Öğle – Öğle Namazı Vakti
Öğle namazının vakti, zevalden (güneşin tepe noktasına ulaşması anından) başlar ve cisimlerin gölgesi, fey’-i zevalden (güneşin tepe noktasındayken çekildiği en kısa gölgeden) başka kendisinin iki misline ulaştığı ana kadar devam eder. İmâm Â’zam Ebû Hanıfe’ye göre, öğlenin vakti, “asr-ı sânî” denen bu zamana kadar uzanırsa da, İmâm Ebû Yusuf ve İmam Muhammed ile diğer üç mez-heb imamma göre, öğle vakti daha kısadır. Onlar tarafından yukarıdaki tarif, herşeyin iki misline değil bir misline ulaşması şeklinde kabul edilmiştir: ulaşılan bu vakte “asr-ı evvel” denir.

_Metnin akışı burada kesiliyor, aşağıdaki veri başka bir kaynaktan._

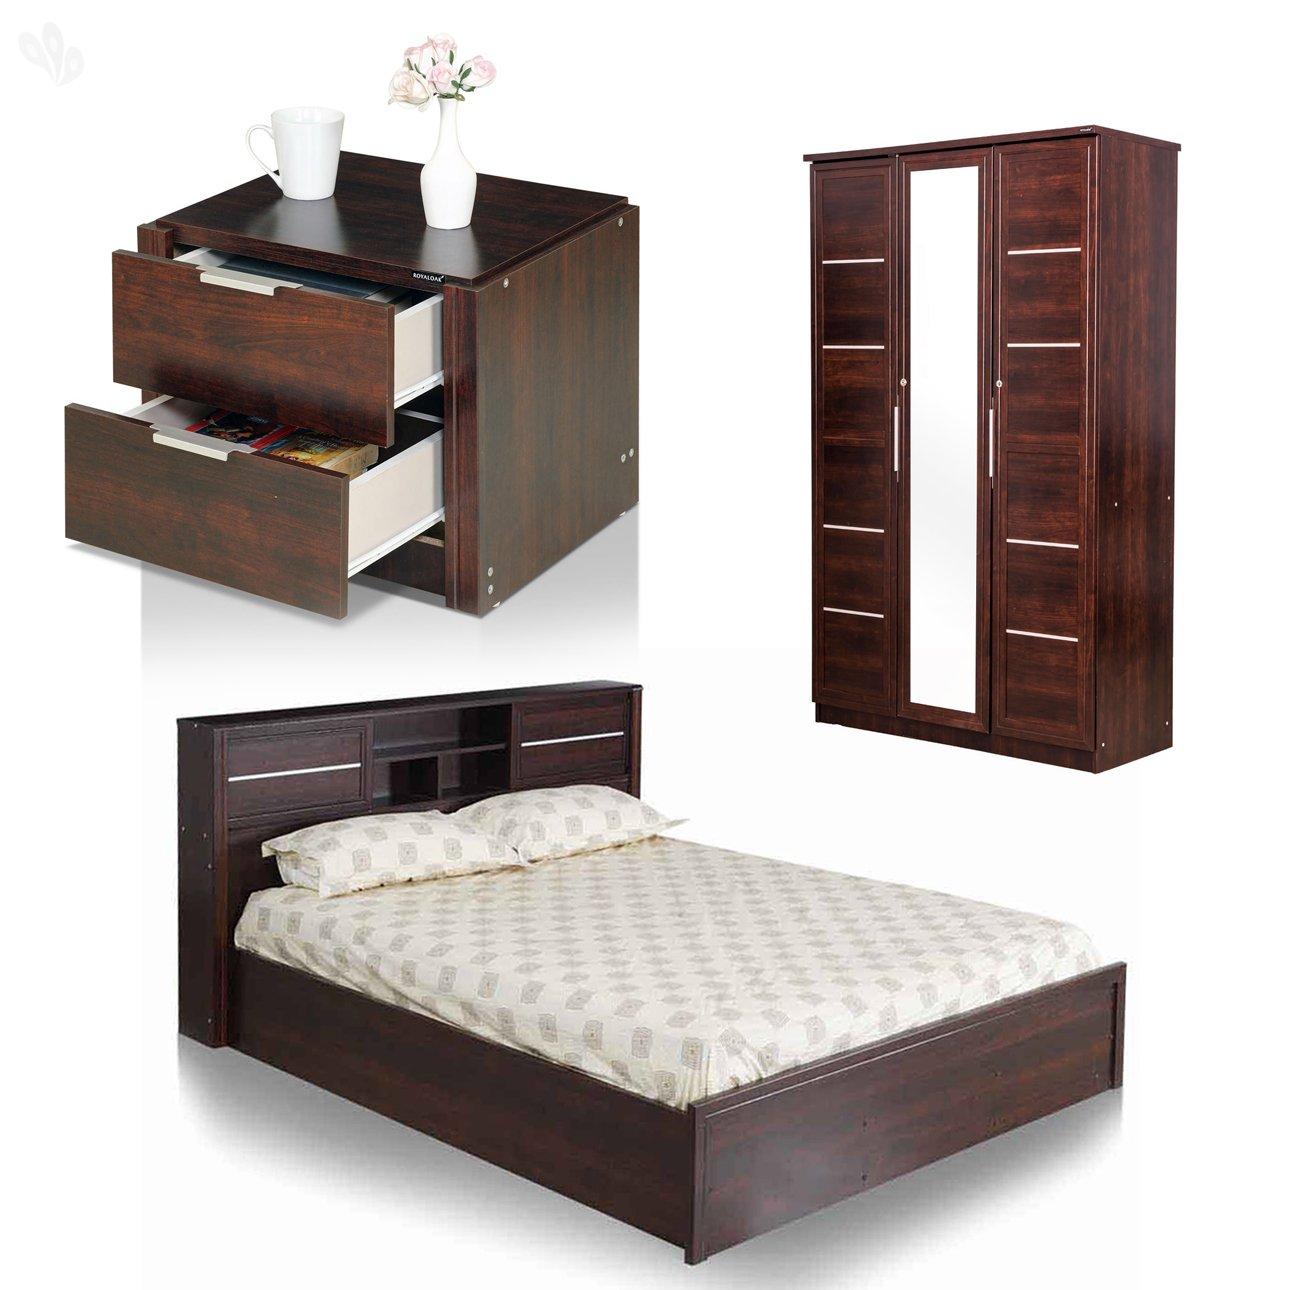 size 40 88099 c7185 Royal Oak Milan Bedroom Set with Queen Bed, 3 Door-Wardrobe and Bedside  Table (Walnut)

Öğle vaktinin hesaplanması için şu izaha ihtiyaç vardır:
Arabçada “nehâr” diye ifade edilen gündüz, iki çeşittir:
1)Fecr-i sâdıktan (yatsı vaktinin sona erme ve sabah namazı vaktinin başlama anından) güneşin batmasına kadar devam eden süreye “nehâr-ı şer’î” denir
2) Güneşin doğmasından güneşin çatmasına kadar devam eden süreye ise “nehâr-ı örfî” denir. Zeval vakti, nehâr-ı örfînin tam ortasıdır. Bu esnada güneş yükselme seyrini tamamlamış kaybolma seyrinin başlangıç noktasına gelmiştir. Gölgeler doğudan batıya doğru düşmekte iken bundan sonra batıdan doğuya doğru düşmeye başlar. İşte bu an, öğle vaktinin başlangıcıdır. Güneşin tam bu yarı yola geldiği anda cisimlerin gölgesine “fey’-i zevâl” denir, öğle vaktinin sona ermesi hesaplanırken bu gölge dikkate alınır. Meselâ bir metre uzunluğundaki cismin, güneş tepe noktasında iken 30 santimetrelik gölgesi varsa, gölge 130 cm.’ye ulaştığında asr-ı evvel, 230 cm.’ye ulaştığında ise asr-ı sânı girmiş demektir. Cuma namazının vakti de öğle vakti gibidir.